By the end of the study, 105 patients were recruited, out of which 36 presented cutaneous melanoma. Despite being a smaller sample than the goal (200 subjects), we managed to increase the ratio of cutaneous melanoma subjects originally planned (from 20% to 34.29%), which provides a better understanding of model performance on melanoma detection. By extending the study, we achieved the goal of including more skin lesions (nevi, haemangioma, basal cell carcinoma and dermatofibroma, among others) to account for typical cases in everyday clinical practice.
Initiation Date
The date of inclusion of the first subject was September 17th, 2020.
Completion Date
The last subject of the initial sample of 40 participants was included on March 24, 2021. The study was closed on November 13, 2023, after recruiting 105 participants.
Duration
This study had a recruitment period of 7 months for the inclusion of the first 40 patients. The recruitment period was extended for the inclusion of up to 200 patients, to include at least 40 cases of melanoma (20% of the sample).
The total duration of the study was 38 months, including the time required after the recruitment of the last subject for closing and editing the database, data analysis and preparation of the final study report. The study was finally closed with 105 subjects, close to the expected number of melanoma cases (36) and surpassing the desired ratio (>20%).
Methods
All the skin lesions were photographed following these technical indications:
- Uncompressed image formats, such as PNG, HEIC or TIFF.
- Taken with the DermLite Foto X dermatoscope of the 3Gen Inc.
- Taken from a smartphone with the following characteristics:
- With a camera with a minimum resolution of not less than 13 megapixels.
- Taken with one of the following models:
- Google Pixel 3 and Google Pixel 3 XL.
- Samsung Galaxy Note 10, Samsung Galaxy S10, Samsung Galaxy S10E
- iPhone X and below
- Disabling all image post-processing, such as HDR, portrait mode, colour filters or digital zoom.

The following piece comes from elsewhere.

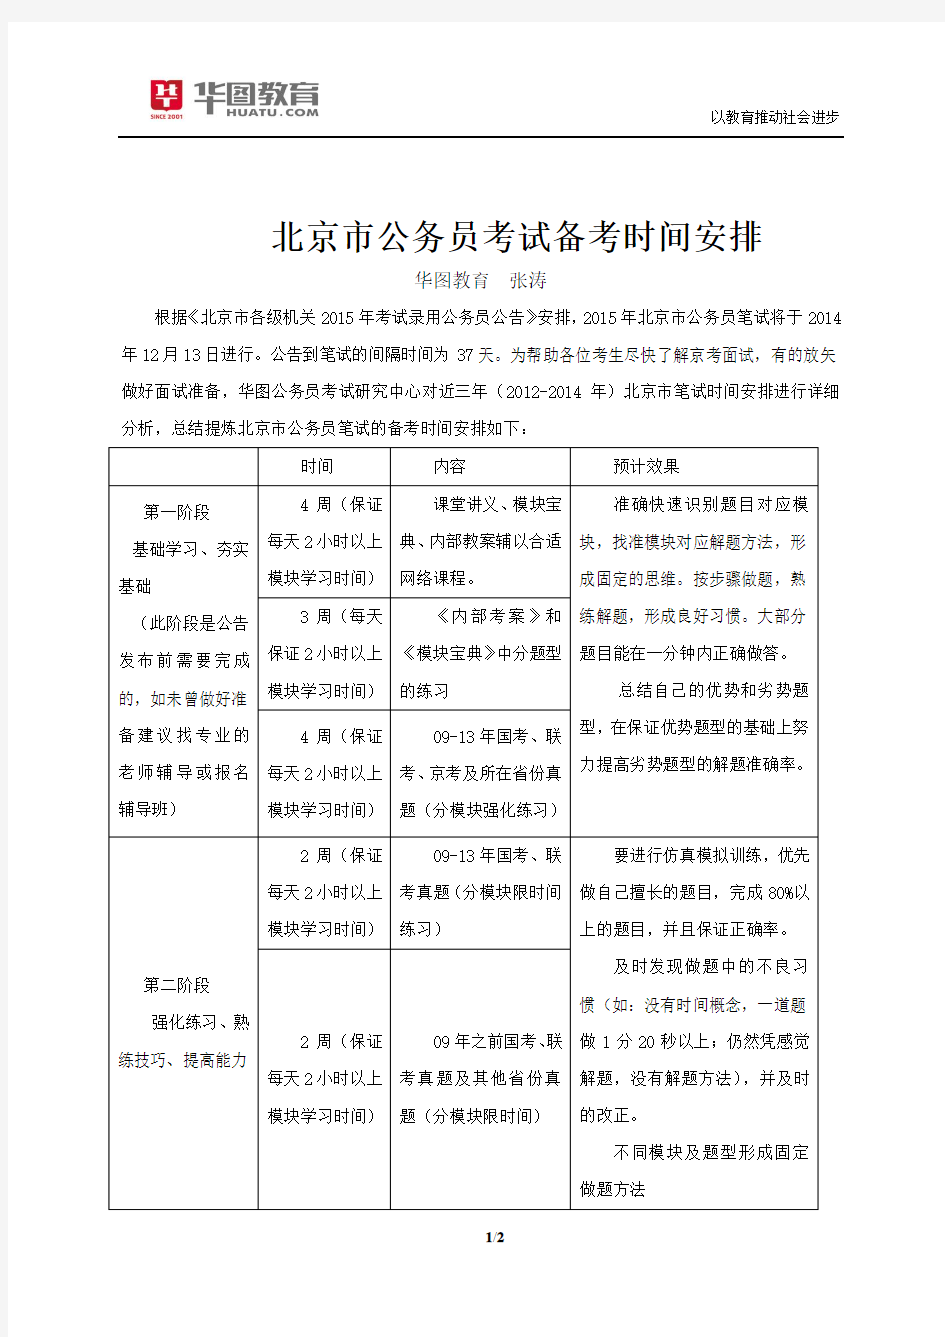 2015年北京公务员考试备考时间安排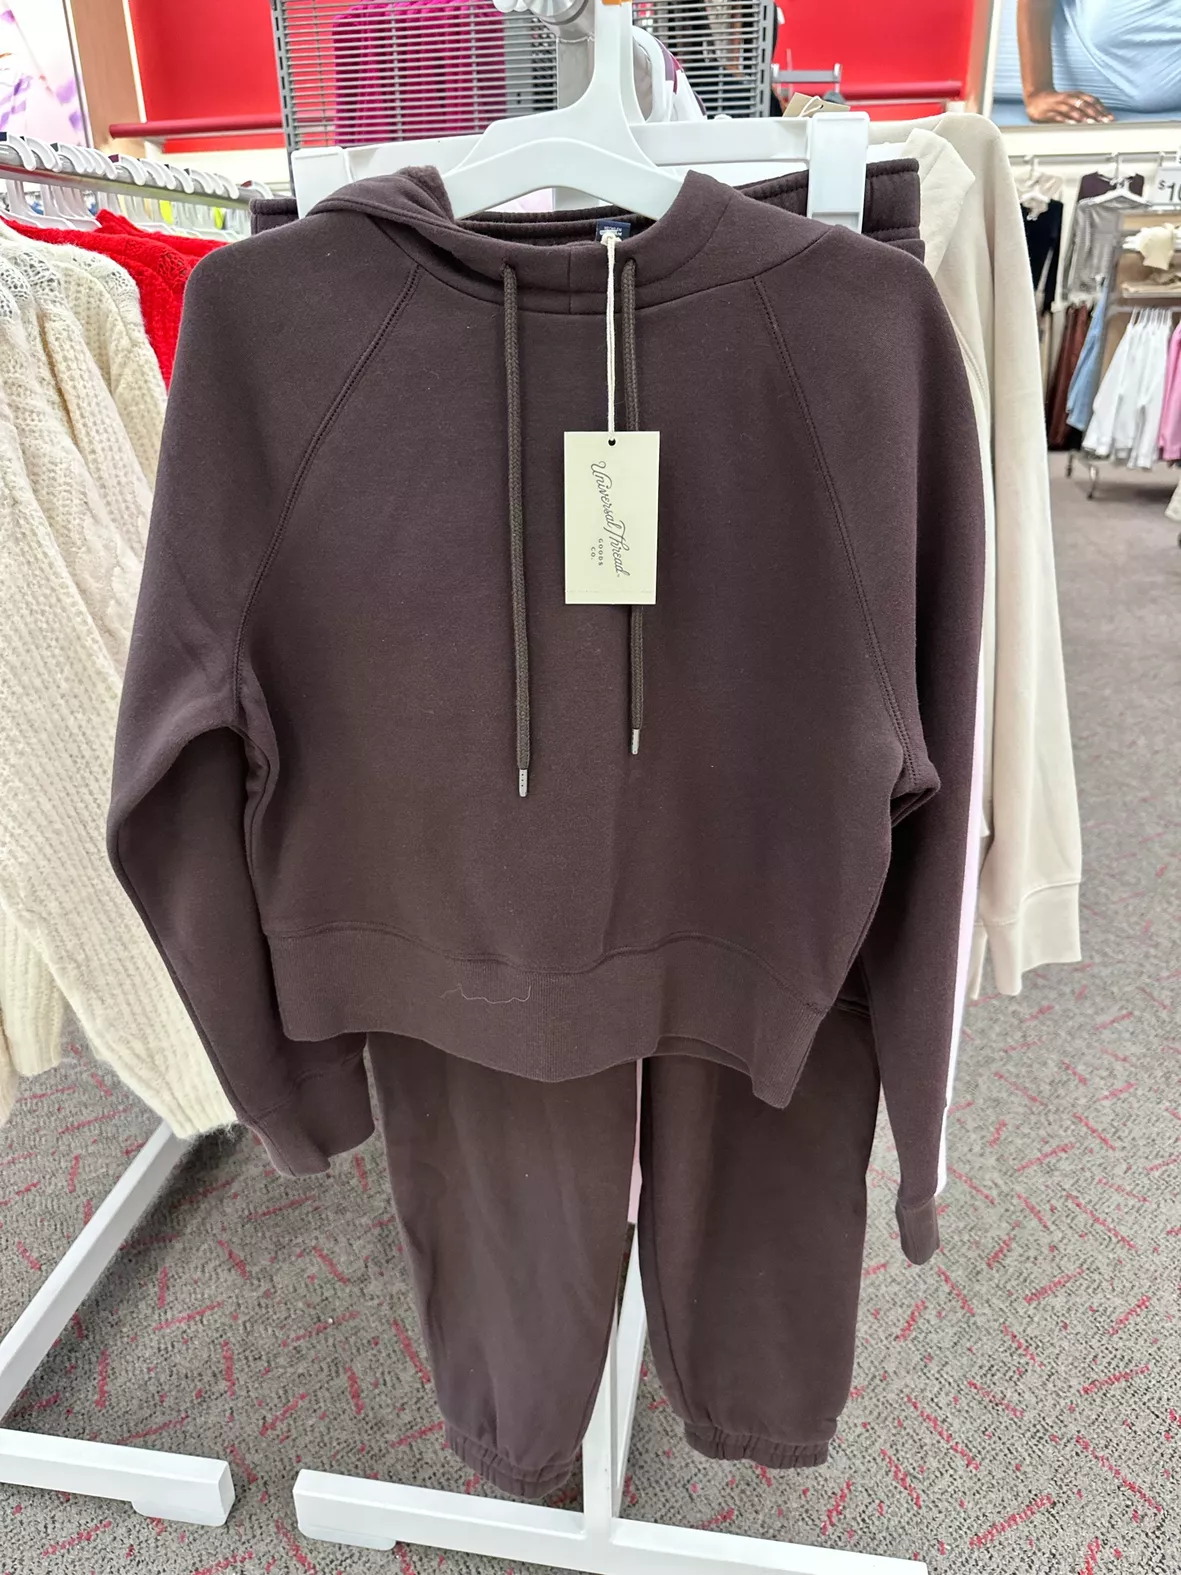 Women's Cropped Hoodie Sweatshirt … curated on LTK

Every month, the research team collected the images and verified their correctness. If any image was not of sufficient quality, the investigator repeated the photograph. The research team also collected diagnostic data from expert dermatologists.
Due to the expected variability in image acquisition settings, all images required a preprocessing step to enhance consistency. This involved cropping the areas of interest that contained the skin lesions essential for analysis. Cropping was crucial to minimize noise, such as background elements and any non-skin structures. Once cropped, the images were processed by the device. This study's analysis included this crucial preprocessing step. For more details, refer to the section Subject and Investigational Product Management.
To ensure stable predictions from the device, all the images underwent test-time augmentation (TTA), as detailed in Legit.Health Plus description and specifications
.
Finally, the output predictions were compared to the gold standard to obtain performance metrics: AUC, precision, sensitivity, specificity, and accuracy. Except for AUC, all other metrics were calculated in their top-1, top-3, and top-5 variants (i.e., prediction is successful when the correct class is within the top K predictions). The gold standard was the pathological anatomy results for the biopsied cases and the clinical diagnosis of expert dermatologists for the non-biopsied lesions.
Results
The performance of the device on melanoma detection is excellent when considering the AUC score, indicating a high level of accuracy in distinguishing between melanoma and non-melanoma cases. However, when it comes to predicting malignancy in a broader sense (not just limited to melanoma), the performance is generally reliable, although not as precise or accurate as it is for melanoma detection.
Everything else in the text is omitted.